▶ **SUPPLIED INFORMATION**:
________________

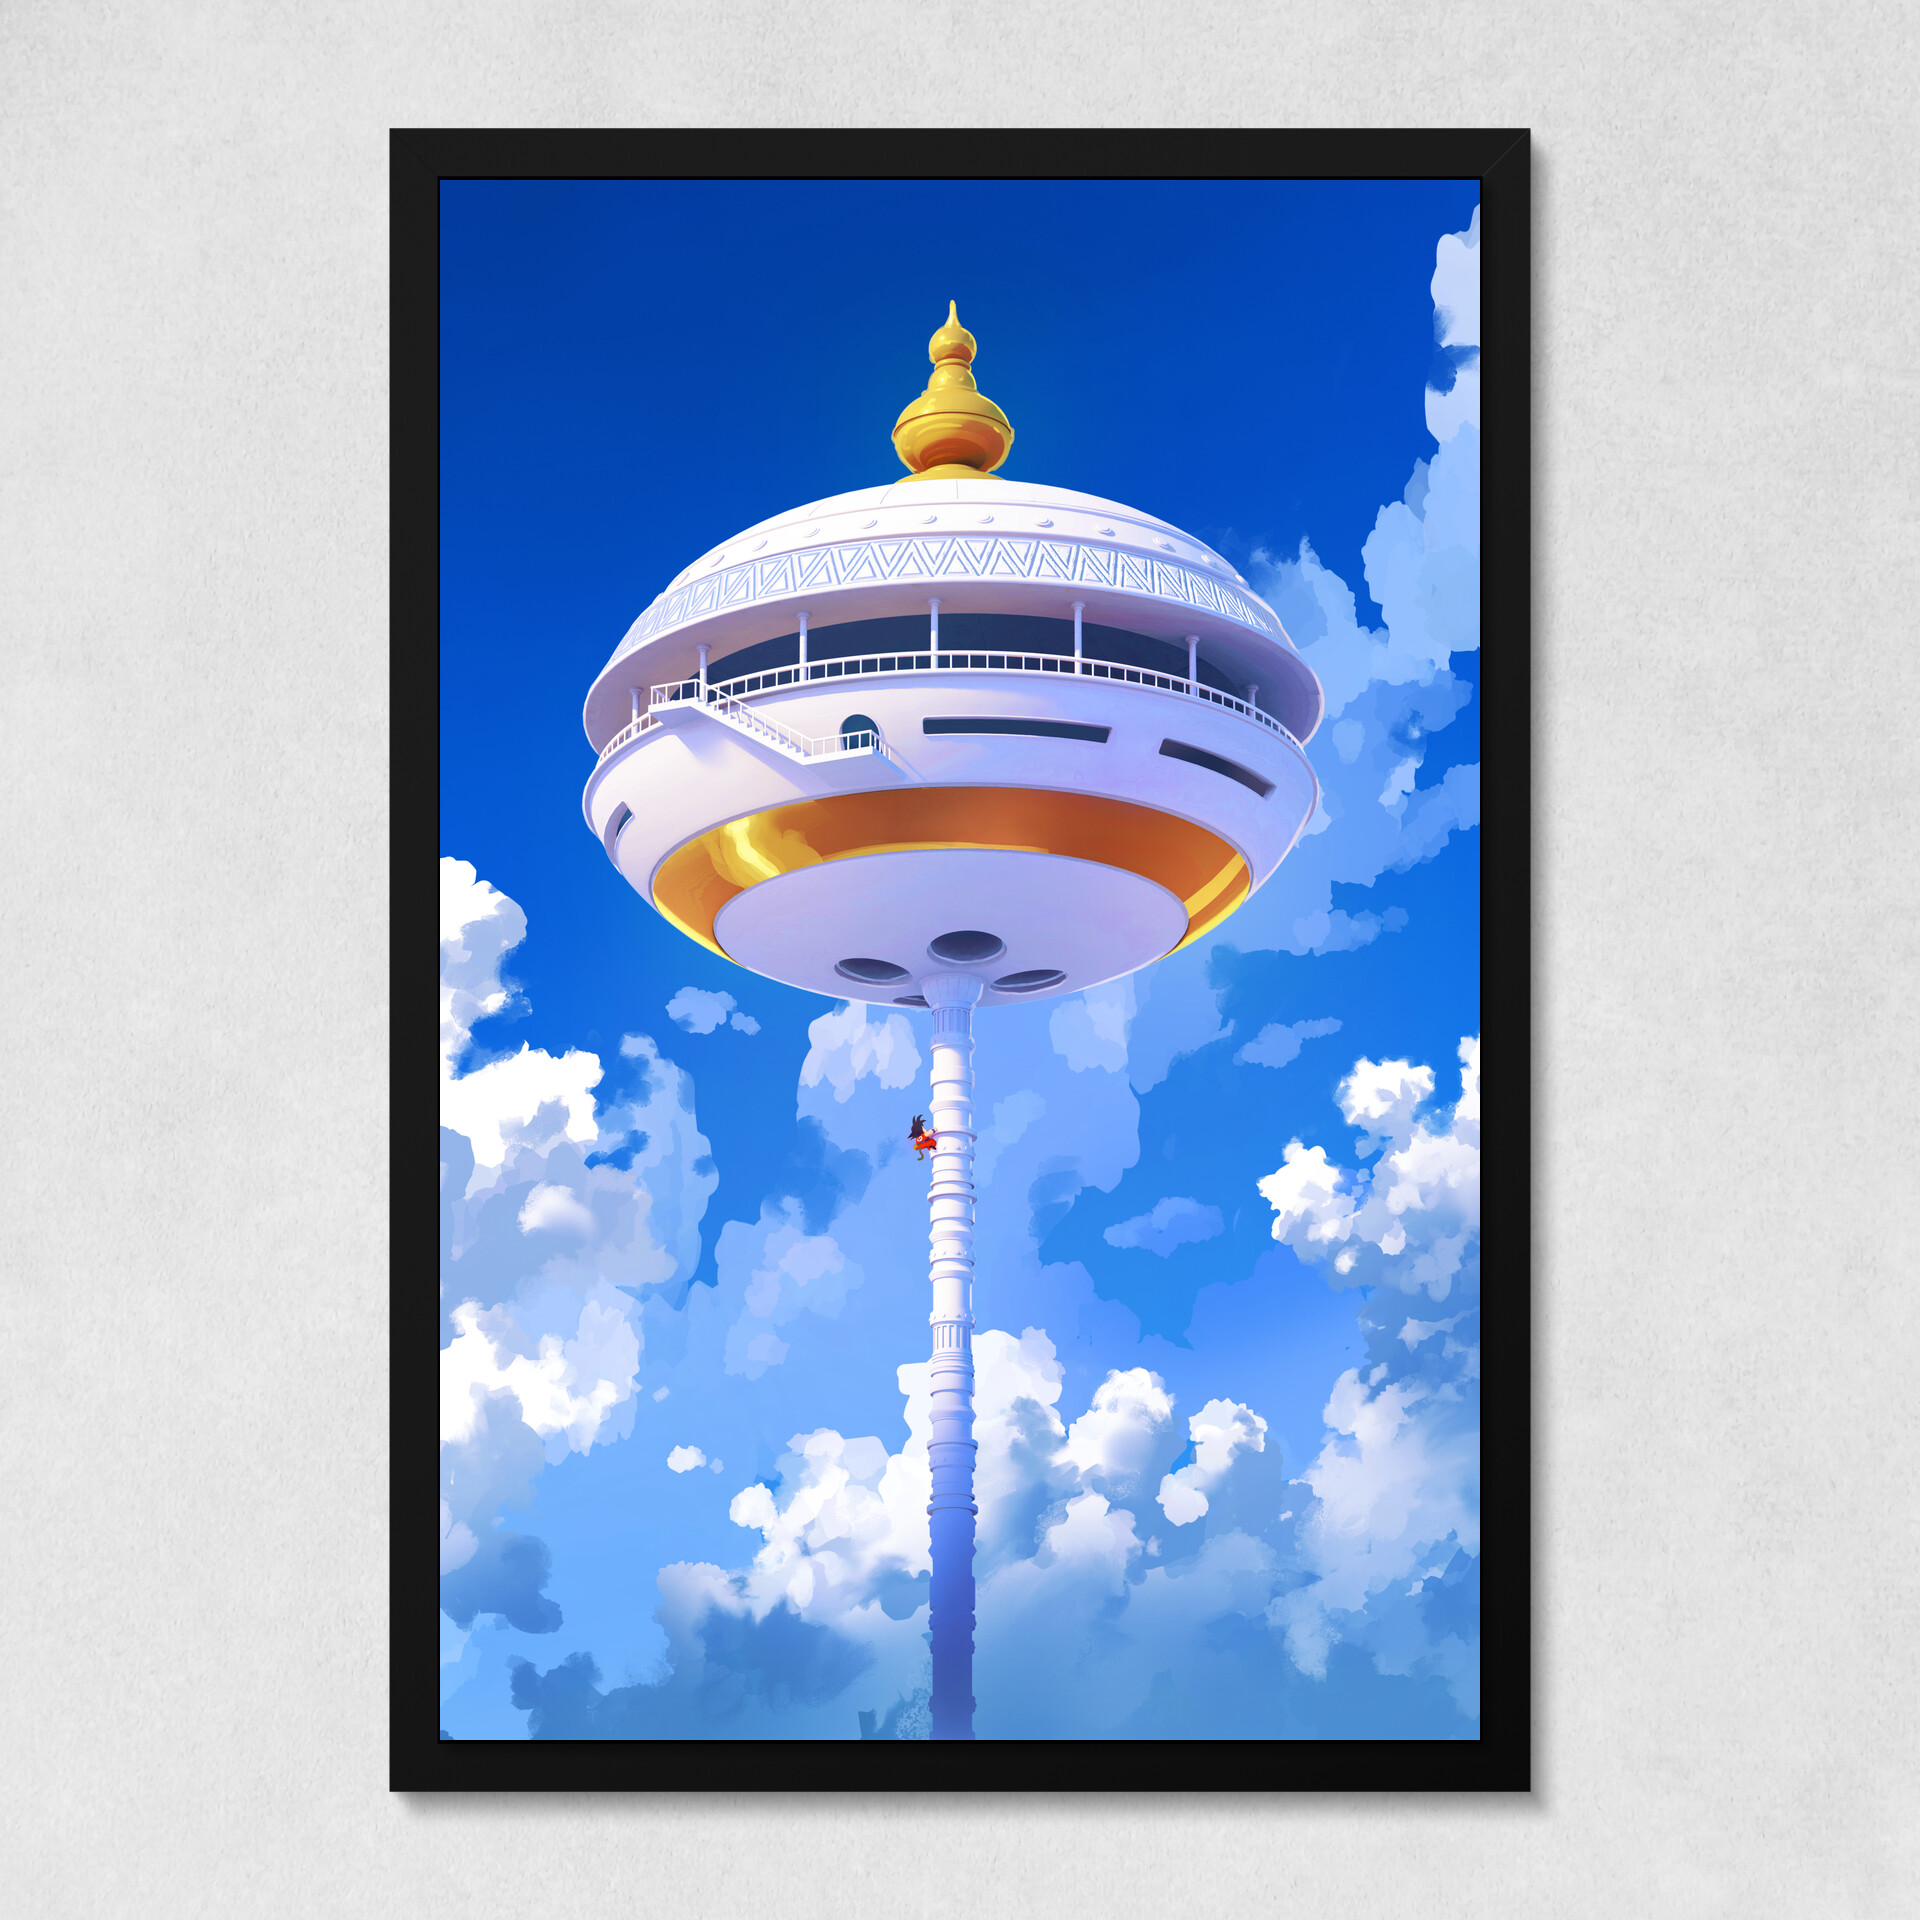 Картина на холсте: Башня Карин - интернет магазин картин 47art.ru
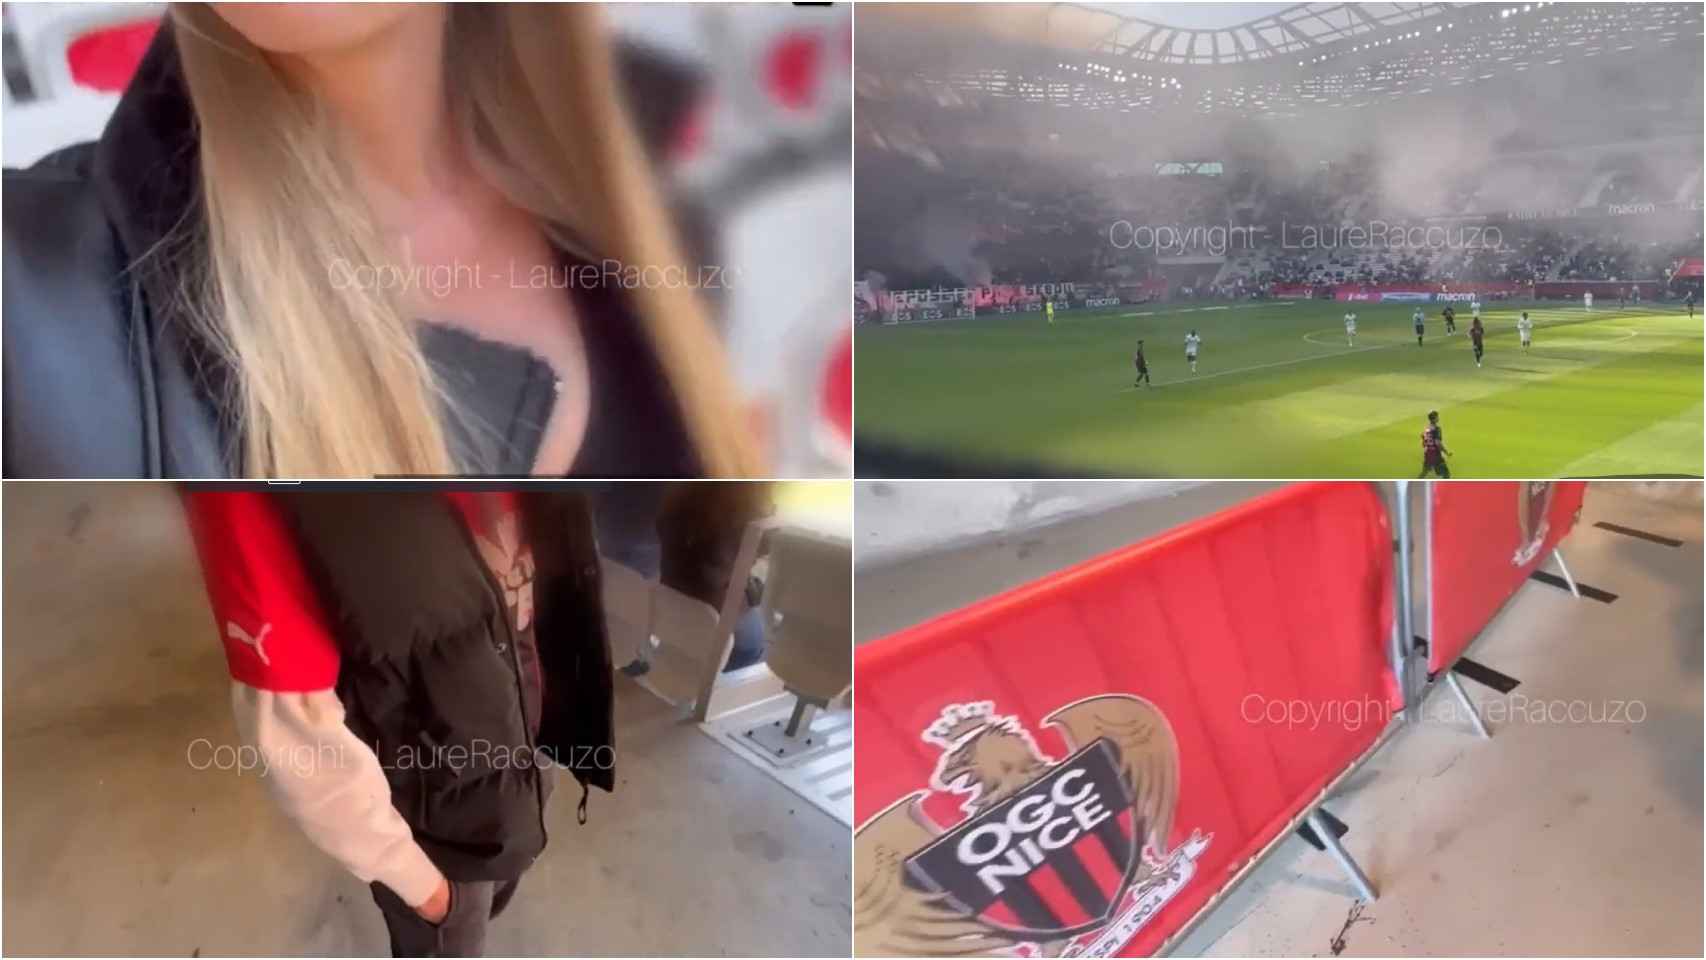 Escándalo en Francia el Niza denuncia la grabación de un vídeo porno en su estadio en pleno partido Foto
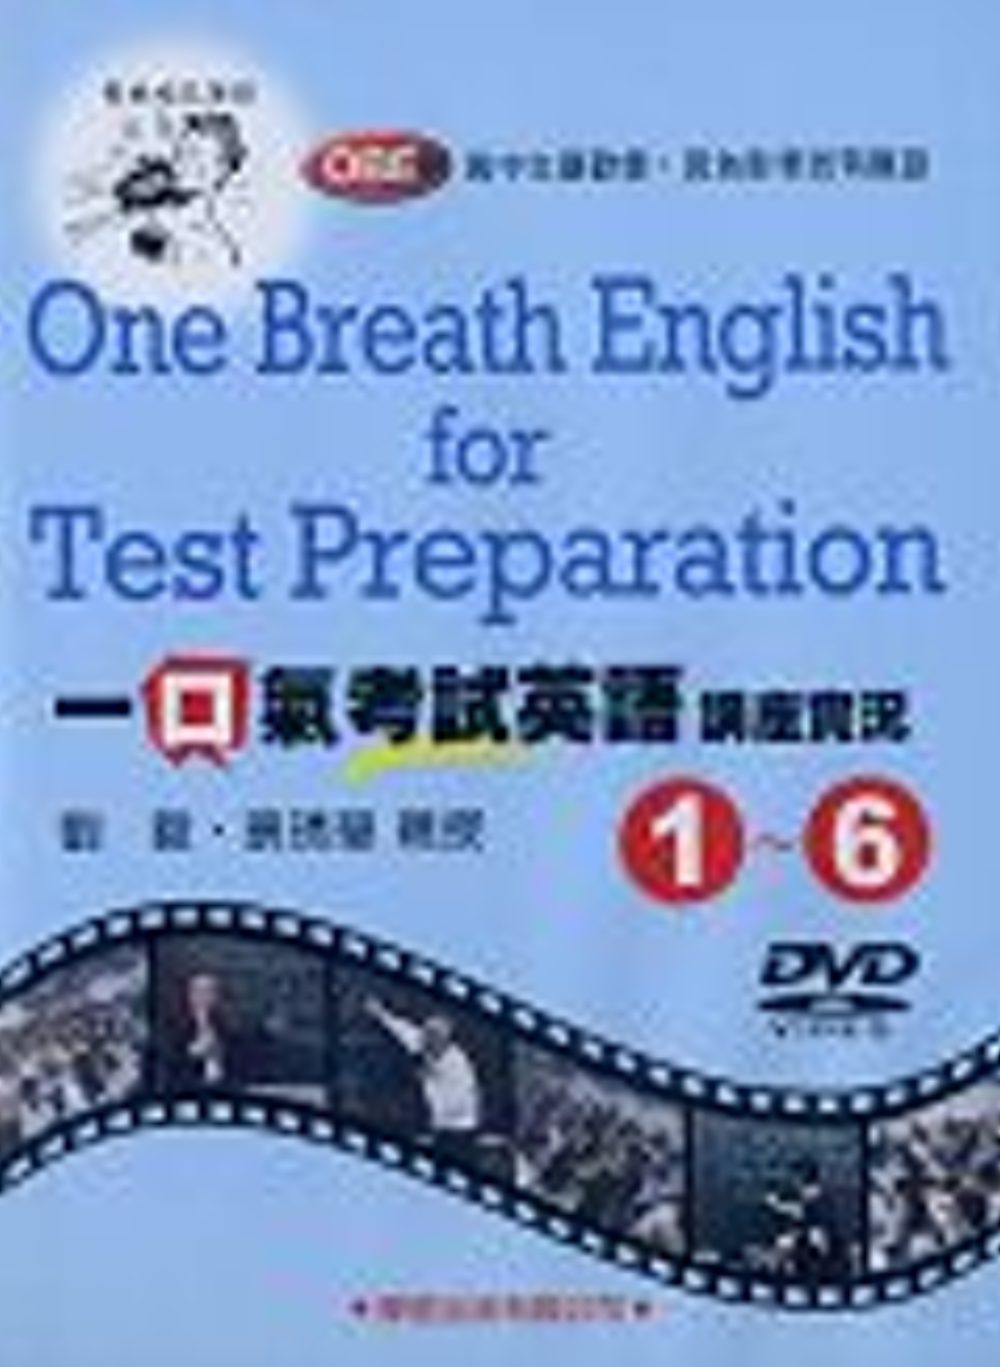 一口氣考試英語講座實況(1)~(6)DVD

________________

▶ **PROBLEM DESCRIPTION**: Do not include the pictures. Quote only the lines from the line with "Escándalo en Francia" through the end of the material, both ends included, exactly.

▶ **TASK SOLUTION**:
 Escándalo en Francia el Niza denuncia la grabación de un vídeo porno en su estadio en pleno partido Foto
 一口氣考試英語講座實況(1)~(6)DVD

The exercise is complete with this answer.